In connection with the company’s alleged failure to recognize or delay in recognizing the impairment of one specific energy asset, the Rocky Dry Gas Operation, the plaintiff had alleged among other things that the company had failed to conduct impairment determinations according to GAAP because the company failed to include its proxy cost of carbon in the impairment analysis. Judge Kinkaide concluded that the alleged failure to include the proxy cost in the impairment determination necessarily omitted facts going to the basis of the company’s impairment opinion, making the opinion materially misleading.
Judge Kinkaide also concluded that the plaintiff has sufficiently pled scienter as to the company and all but one of the individual defendants, despite the absence of any insider trading allegations. In reaching this conclusion, Judge Kinkaide relied on the plaintiff’s allegations that Exxon CEO Rex Tillerson and the other individual defendants received in-depth briefings on and actively engaged in discussions of the company’s financial position and the risks of climate change. The company and individual defendants had a motive to maintain the company’s AAA credit rating by using a lower, internal proxy cost and not recognizing asset impairment so as to complete a planned $12 billion public debt offering (the largest in the company’s history) in order for the company to continue to be able to pay shareholder dividends.
Finally, Judge Kinkaide concluded that the plaintiff had sufficiently pled loss causation, notwithstanding the defendants’ argument that there was not any actual corrective disclosures and resulting drop in stock price.

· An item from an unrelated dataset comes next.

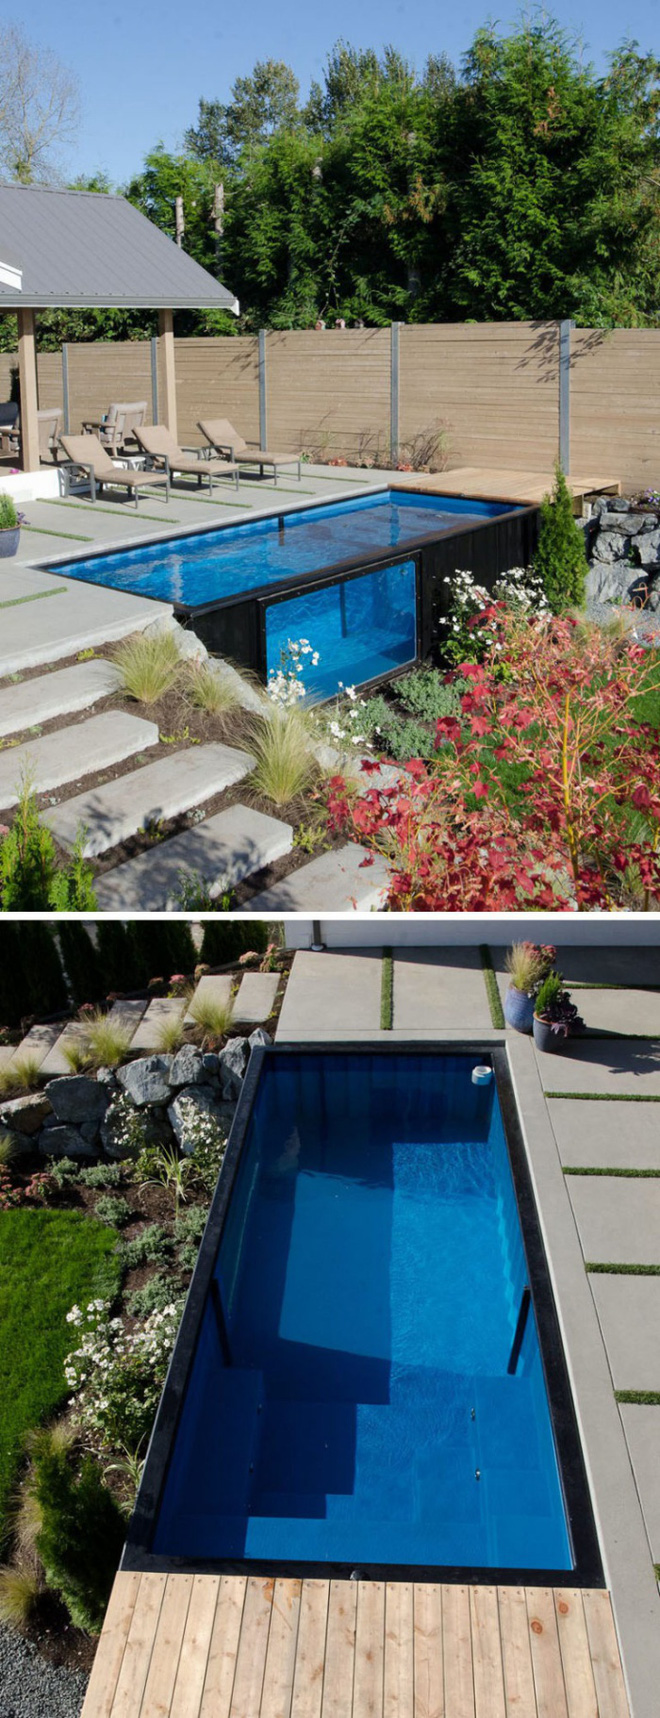 Bể bơi container nhỏ gọn, đẹp tuyệt dành cho nhà có sân vườn nhỏ

The plaintiff alleged that rather than a single corrective disclosure there was a series of several partial disclosures resulting in the company’s share price dropping gradually. Judge Kinkaide concluded that the plaintiff had sufficiently alleged loss causation, reasoning that “it is plausible that over the course of the alleged partial disclosures, the market became aware of ExxonMobil’s alleged fraud and reacted each time with ExxonMobil’s common stock falling.”
Discussion
The court’s conclusion that the plaintiff has adequately alleged that the defendants misled investors with respect to the company’s own assessment of its future costs associated with climate change represents something of a milestone. I have long been predicting the possibility of climate change disclosure-related D&O litigation. The initiation of this lawsuit confirmed that this type of D&O litigation could arise. The fact that the allegations based on climate change-related disclosure proved sufficient to survive a motion to dismiss suggests that the potential D&O exposure related to climate change disclosures could be substantial. At a minimum, this lawsuit’s survival of the dismissal motion could be enough to encourage plaintiffs’ lawyers to file additional climate change related lawsuits.
To be sure, one lawsuit doesn’t make a trend. But the fact is, this lawsuit does show that these kinds of claims are indeed possible. The outcome of the dismissal motion highlights the fact that these kind of claims represent a potentially serious risk.
The climate change related angle is not the only thing that makes Judge Kinkaide’s opinion interesting. His finding that the plaintiff has sufficiently alleged scienter despite the absence of insider trading allegations is particularly interesting, especially his finding that the plaintiff had adequately alleged that the individual defendants received in-depth briefings about climate change issues and were fully aware of the company’s climate change related risks. Judge Kindaide’s conclusion that the plaintiff had adequately alleged loss causation, despite the absence of a single identifiable corrective statement and resulting stock drop, is also interesting. His willingness to recognize the adequacy of plaintiff’s allegations of a series of corrective disclosure and resulting stock drops represents a significant and interesting variation in loss causation analysis.